It wouldn't be fair to write this post without taking a pass at the evergreen question “what does love mean to me?” I think it's a rather profound exercise, actually. Inspired by the documentary “Love Me” about mail-order brides, I've become piqued by the idea of some kind of oral interview project where I pester couples about their relationship, how it started, what it means to them, what they think their life would be missing if they didn't have it, and so on.

It's very easy to think about love in terms of what you're getting from or giving to someone else. And there's a lot of merit to these things about vulnerability, support, connections, sharing, and so on that you've doubtless heard thousands of times before. All of these are things we want, and want to do, and of course it's important to satisfy ourselves, but they don't seem quite sufficient. For me, the most remarkable thing is that, with a partner, we get to live two lives at once, and that's a thrilling, frightening, transcendental thing to experience. We envelop each other; more talents, more responsibilities, more feelings. How can we be in multiple lives at once? It makes sense humans have been seeking some supernatural explanation to explain it for millennia.


I am often taken by the idea of another person spending their time thinking about you while you aren't near them. Of course, there is an element of self-flattery here. We like the idea of being important enough to someone else, that we've captured their imagination to such a degree that they spend part of their day thinking of what we might do, or how we might react to a given situation.

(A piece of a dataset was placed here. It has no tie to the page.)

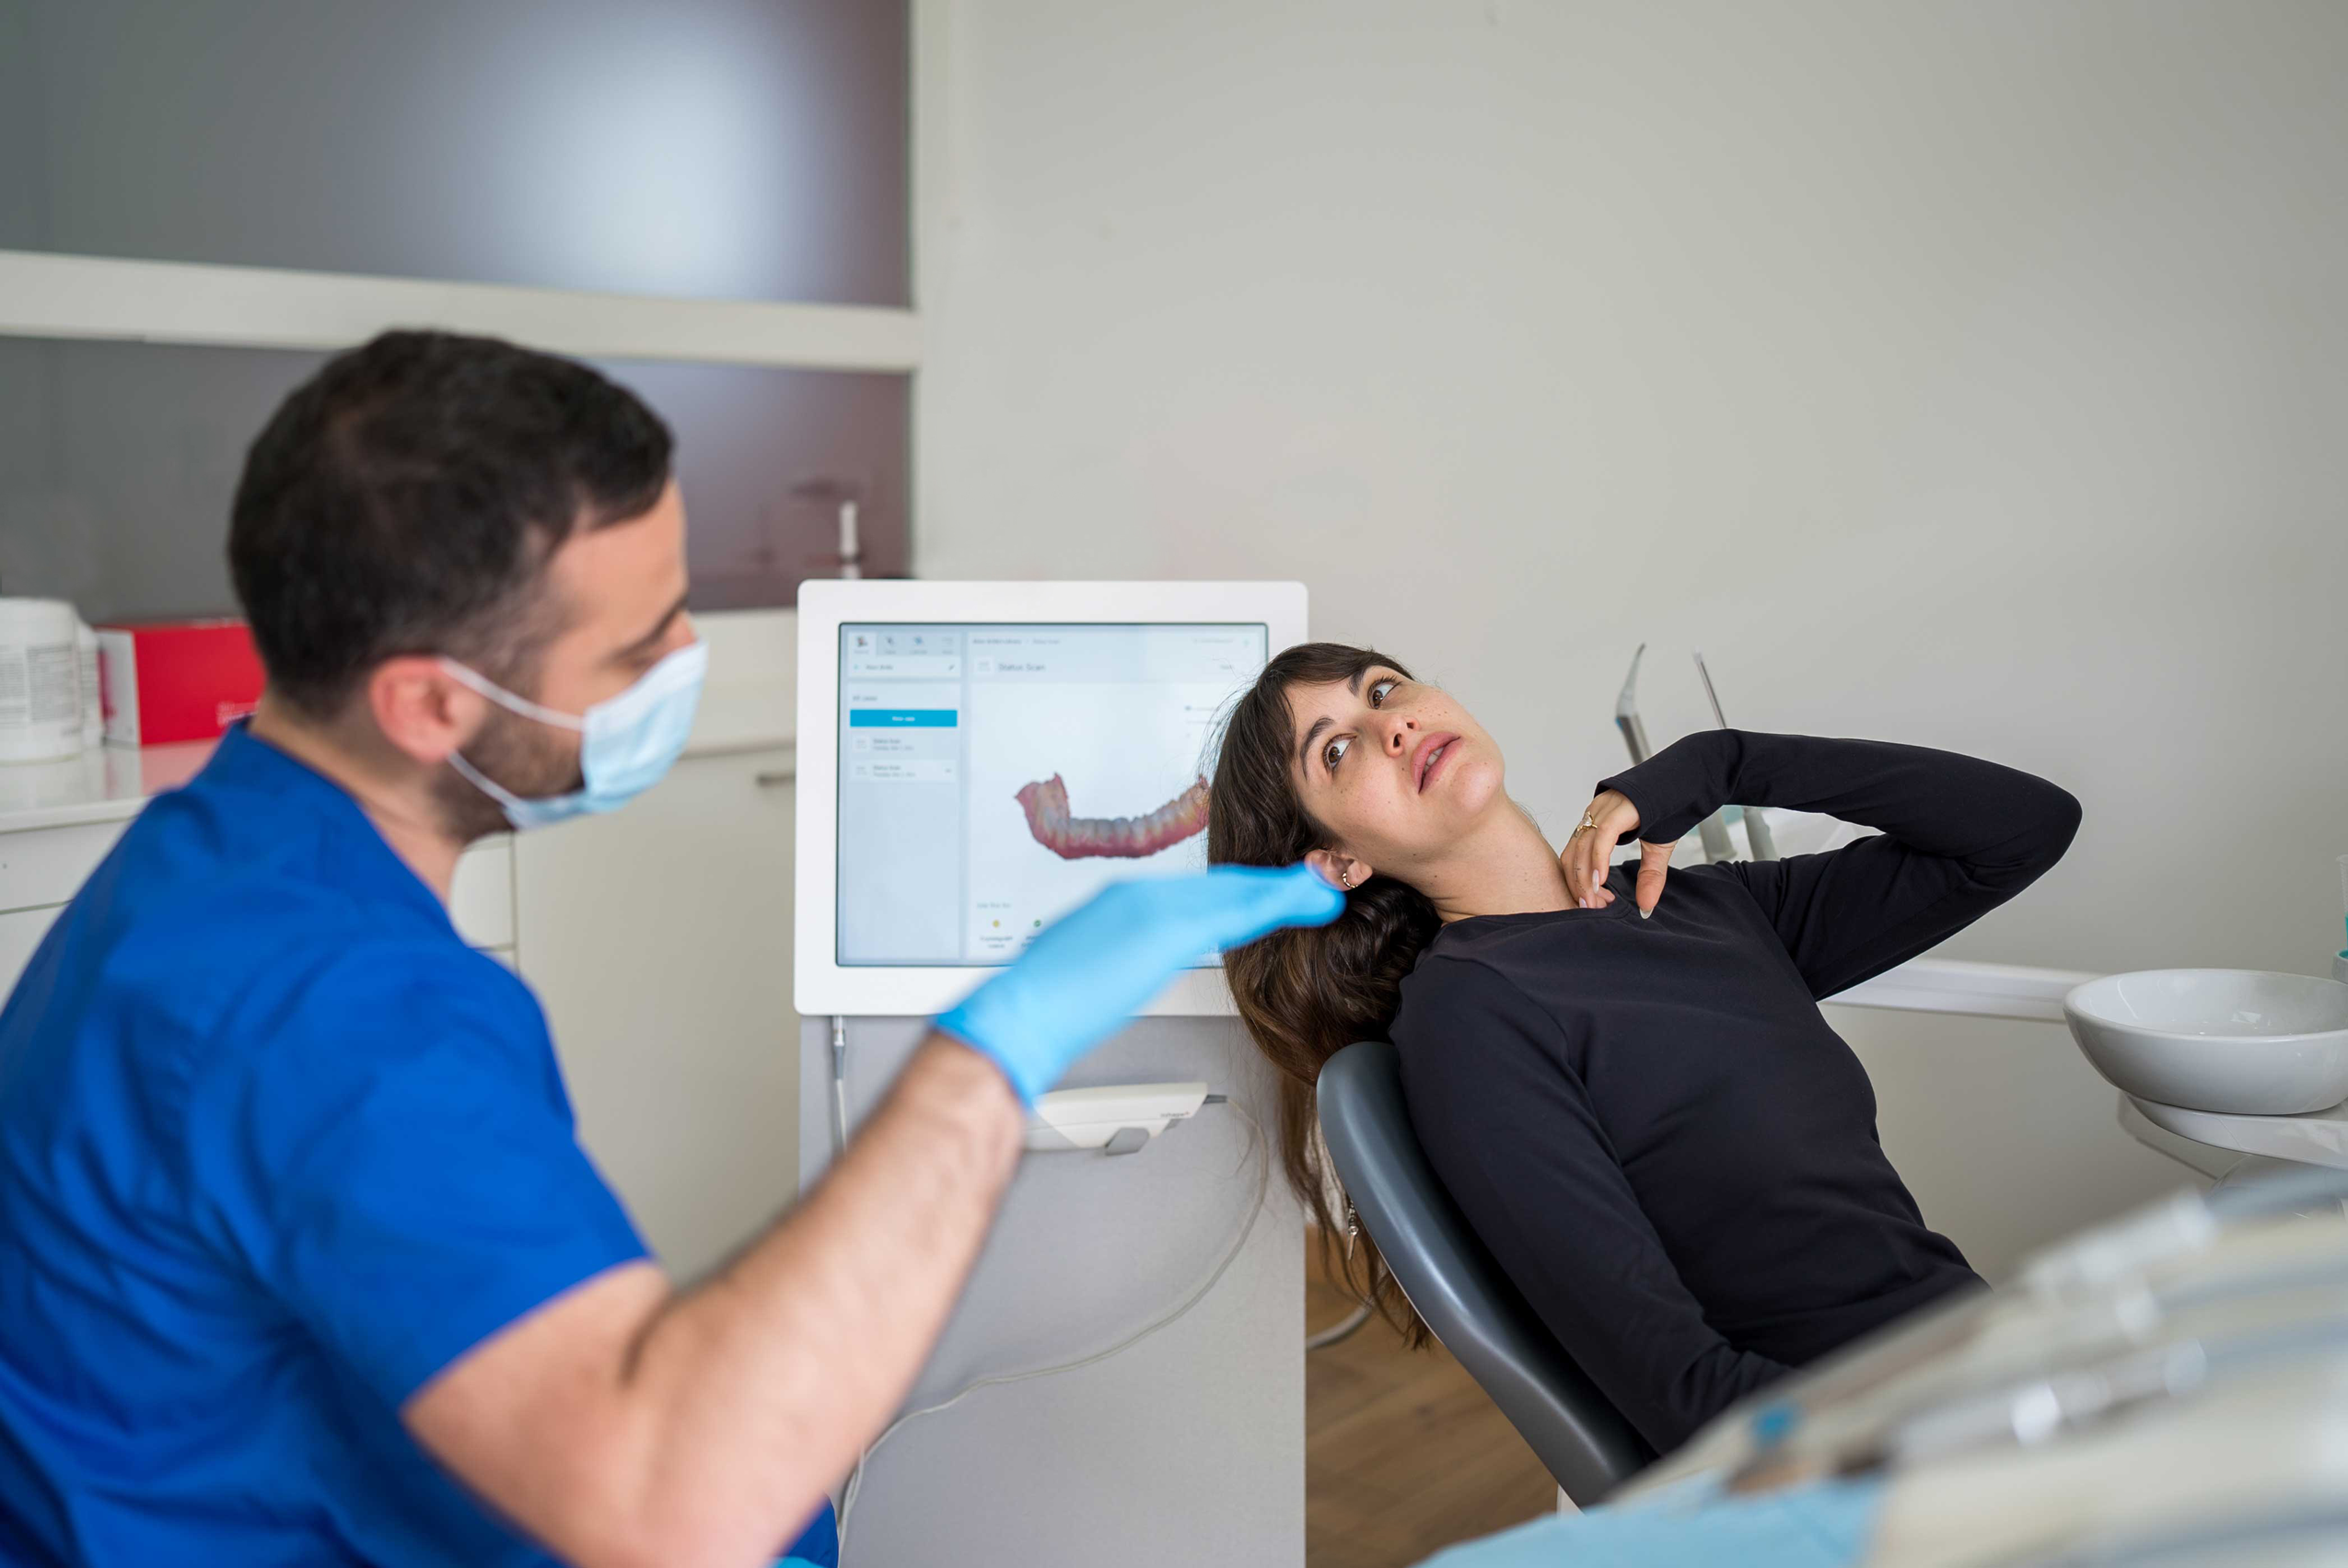 طبيب أسنان يجري مسحاً لأسنان المريض في عيادة متخصصة ويظهر شكل الأسنان على شاشة صغيرة في الخلف
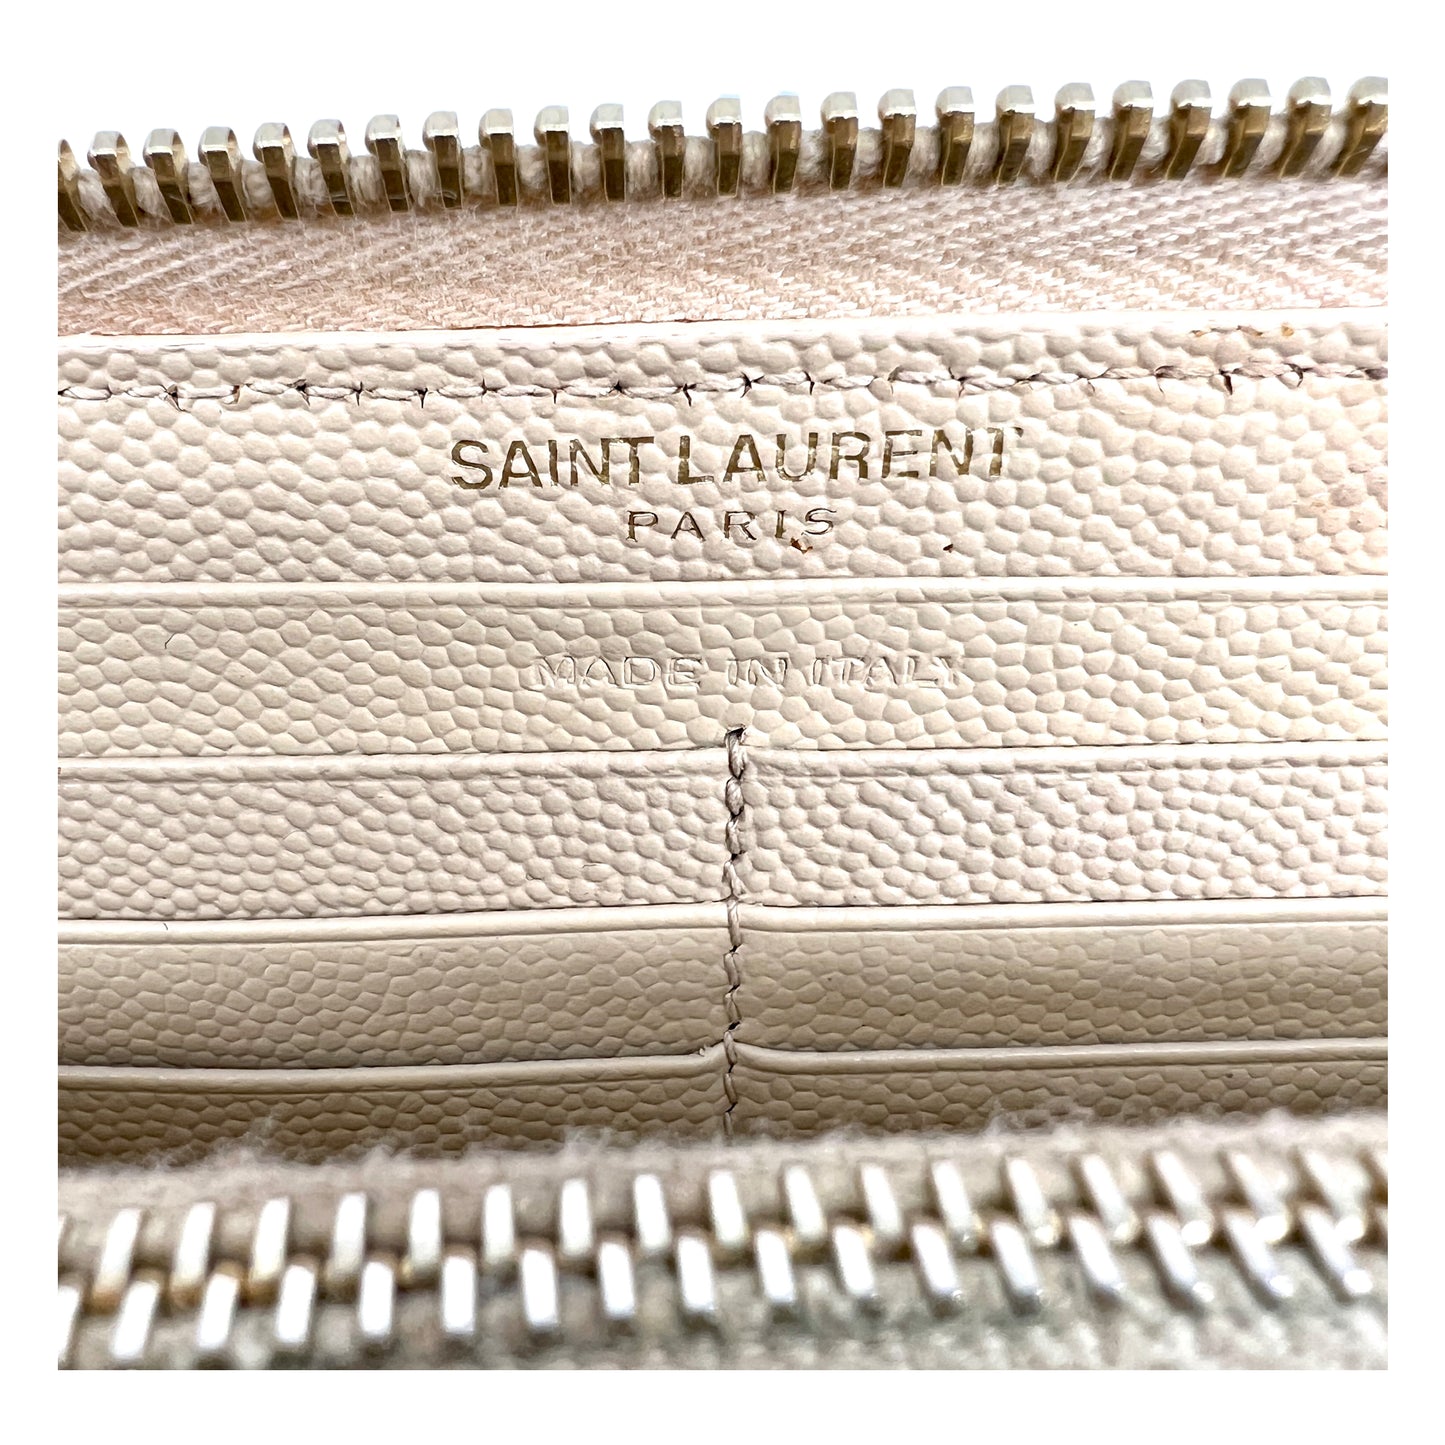 Saint Laurent Cassandre Matelassé Zip Around Wallet in Grain de Poudre Embossed Leather with YSL Emblem

But I'd like to think there is something a little more transcendent about this. In our own body, we're self-contained. We've explored most of the depths of our personality, our whims, the levers and pulleys that animate us now seem very mechanical in our own observation. But when someone else, someone special to us in particular, creates an image of us in their own mind, it's a renewal of our existence, an extension of our humanity. We are experiencing life with them, helping them, inspiring them, in a fashion that's entirely new, because a unique individual has made us for themselves.

I've realized recently that, if I'm really honest with myself, I don't keep chasing romance because I have any genuine belief there might be a person someday who wants to spend a lot of time together with me. The combination of my choices and circumstance just makes that nearly impossible. I do it because it's still a rush of excitement to imagine the possibilities, however unlikely. Is it healthy? Possibly not. The constant rejection can be mentally draining, and skews my personal social perception into even more insular self-consciousness. But I do it, primarily I think, because it makes me feel like part of the human experience, and that, if I gave up, I'd be surrendering part of my humanity to the forces of self-doubt and social conformity.